Missouri House Speaker Tim Jones Backs Rudy Giuliani On Black-On-Black Crime

Missouri House Speaker Tim Jones Backs Rudy Giuliani On Black-On-Black Crime

Missouri House Speaker Tim Jones (R) took to Twitter on Monday in support of former New York City Mayor Rudy Giuliani (R), who suggested that white police officers are needed to prevent black-on-black crime.

Jones began tweeting on the topic just hours before a Missouri grand jury was expected to announce its decision on whether to indict Darren Wilson, a white police officer who shot and killed Michael Brown, an unarmed black teenager, in August. The incident set off weeks of protests with tension between demonstrators and police this summer.

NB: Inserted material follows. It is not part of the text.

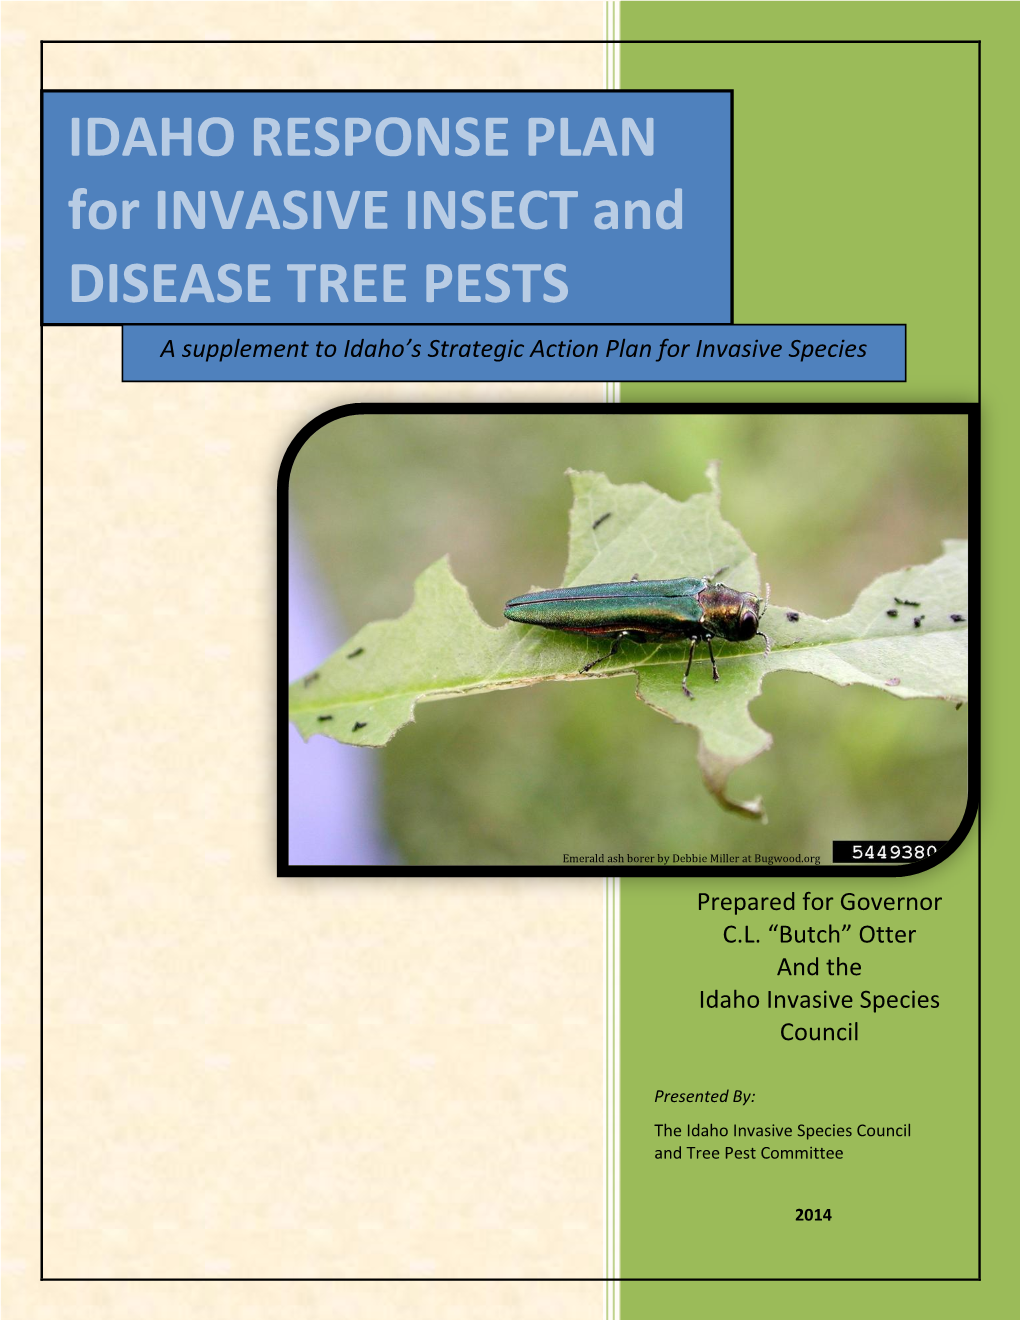 IDAHO RESPONSE PLAN for INVASIVE INSECT and DISEASE TREE PESTS a Supplement to Idaho’S Strategic Action Plan for Invasive Species
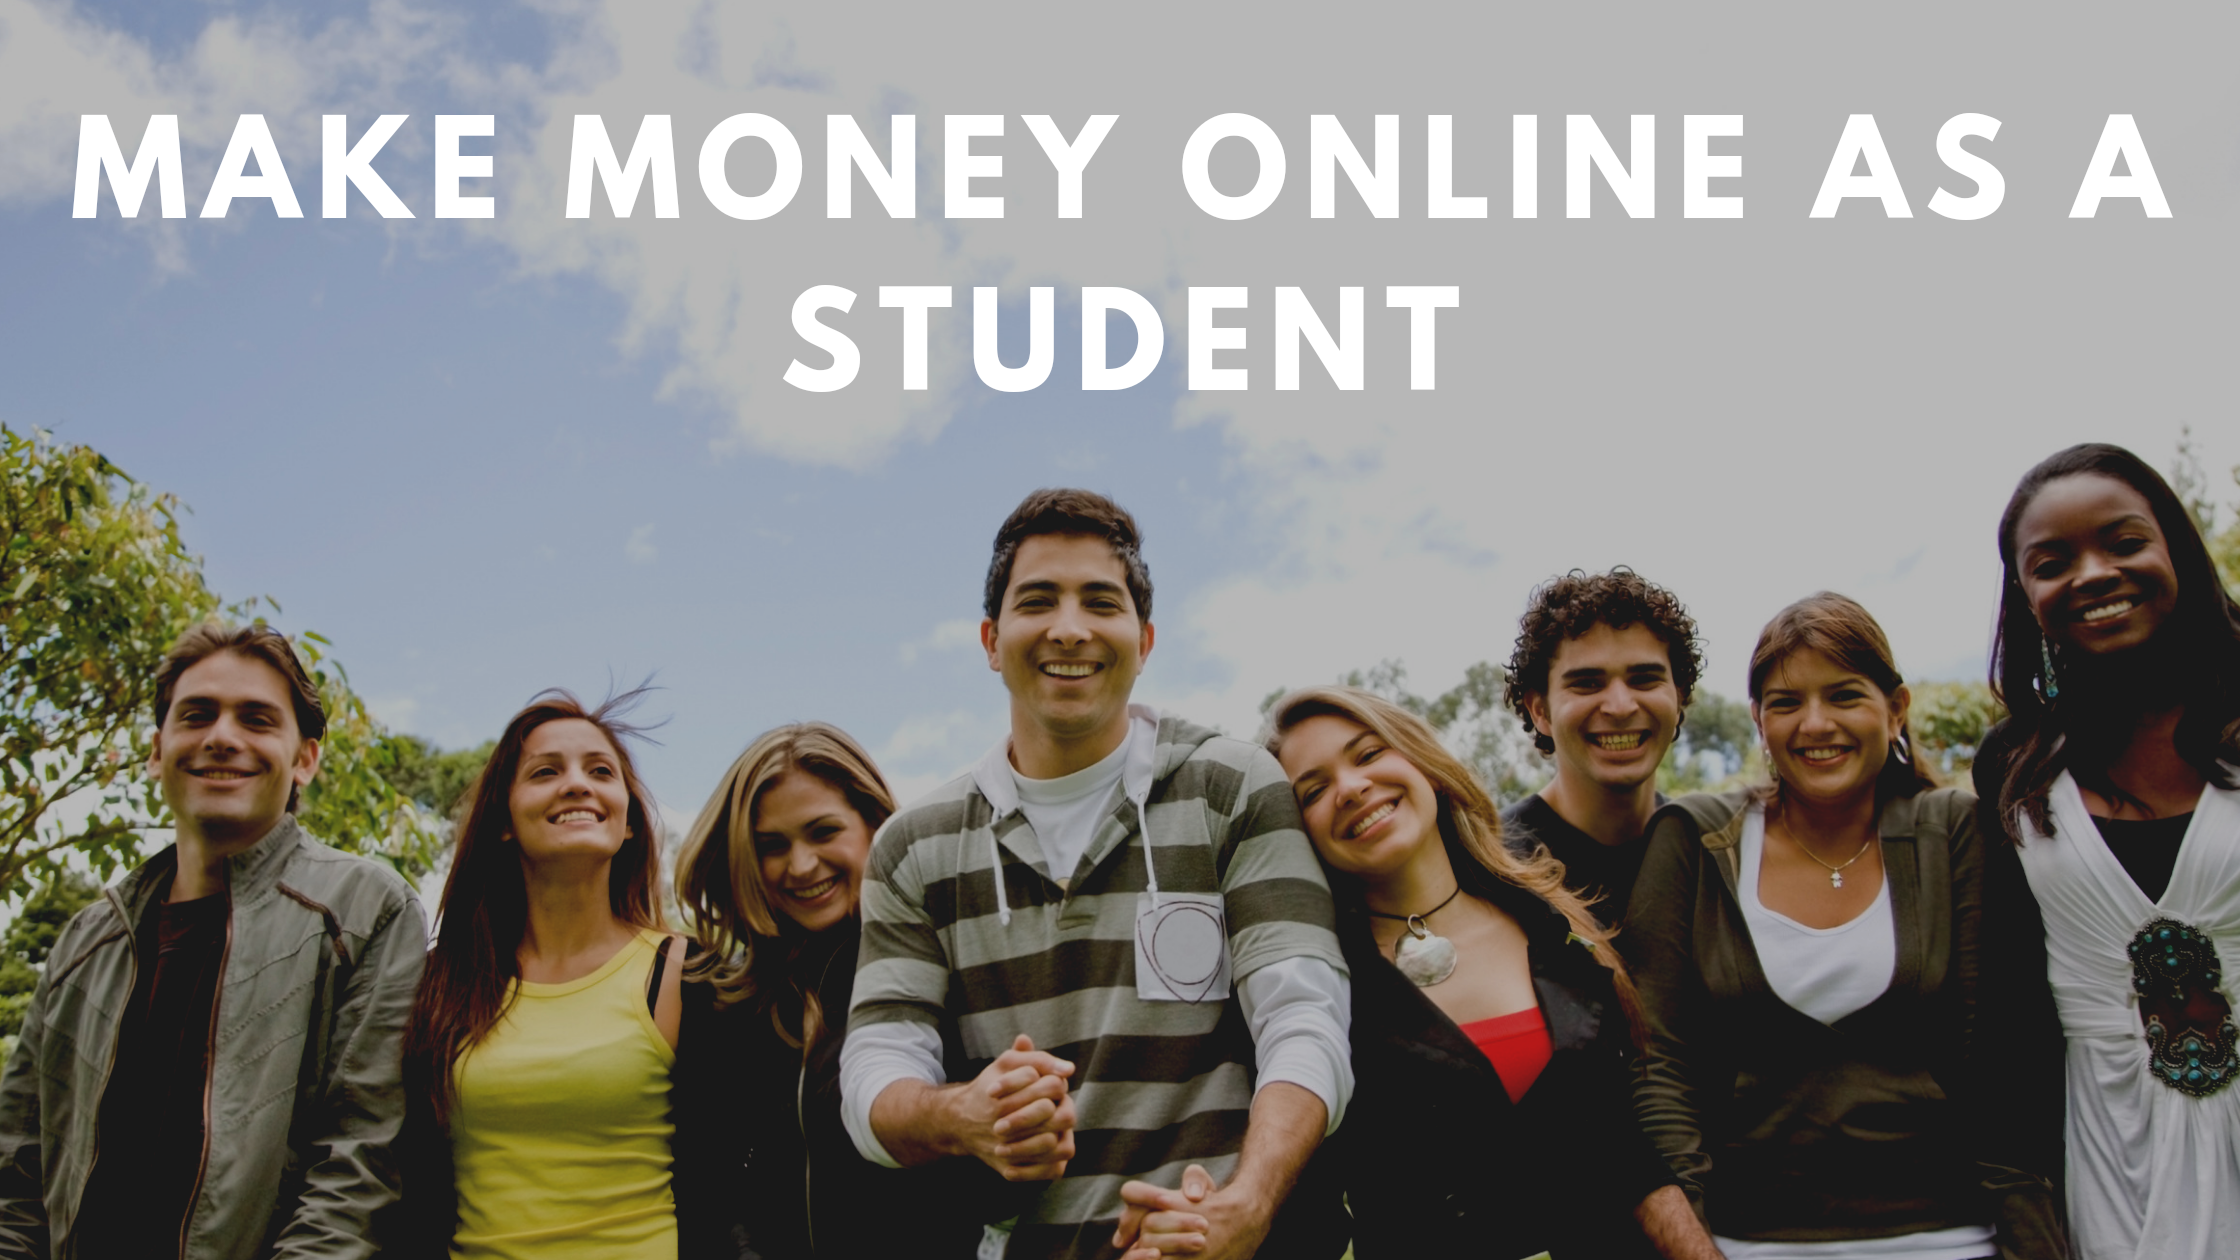 make money online as a student featured

Appearing on "Meet the Press" on Sunday, Giuliani said the media hadn’t focused enough on black-on-black crime, which he claimed was responsible for the presence of more white police officers in black communities.

Jones tweeted Monday:

Michael Eric Dyson, who also appeared on "Meet The Press" with Giuliani, immediately disagreed with the former mayor on Sunday.

"First of all, most black people who commit crimes against other black people go to jail," he said. "Number two, they are not sworn by the police department as an agent of the state to uphold the law. So in both cases, that's a false equivalency that the mayor has drawn. ... Black people who kill black people go to jail. White people who are policemen who kill black people do not go to jail."

On Monday, Jones also retweeted a quote suggesting that black elites were a bigger threat to the black community than the Ku Klux Klan. The tweet was originally from an account linked to Unhyphenated America, which says on its website that it opposes "Leftist" policies because they have "disproportionately damaged minority families."

The tweet included a link to a Breitbart News story that focused on black leaders' support for President Barack Obama’s immigration executive action, but quoted a U.S. Civil Rights Commissioner saying that the order could actually hurt black workers.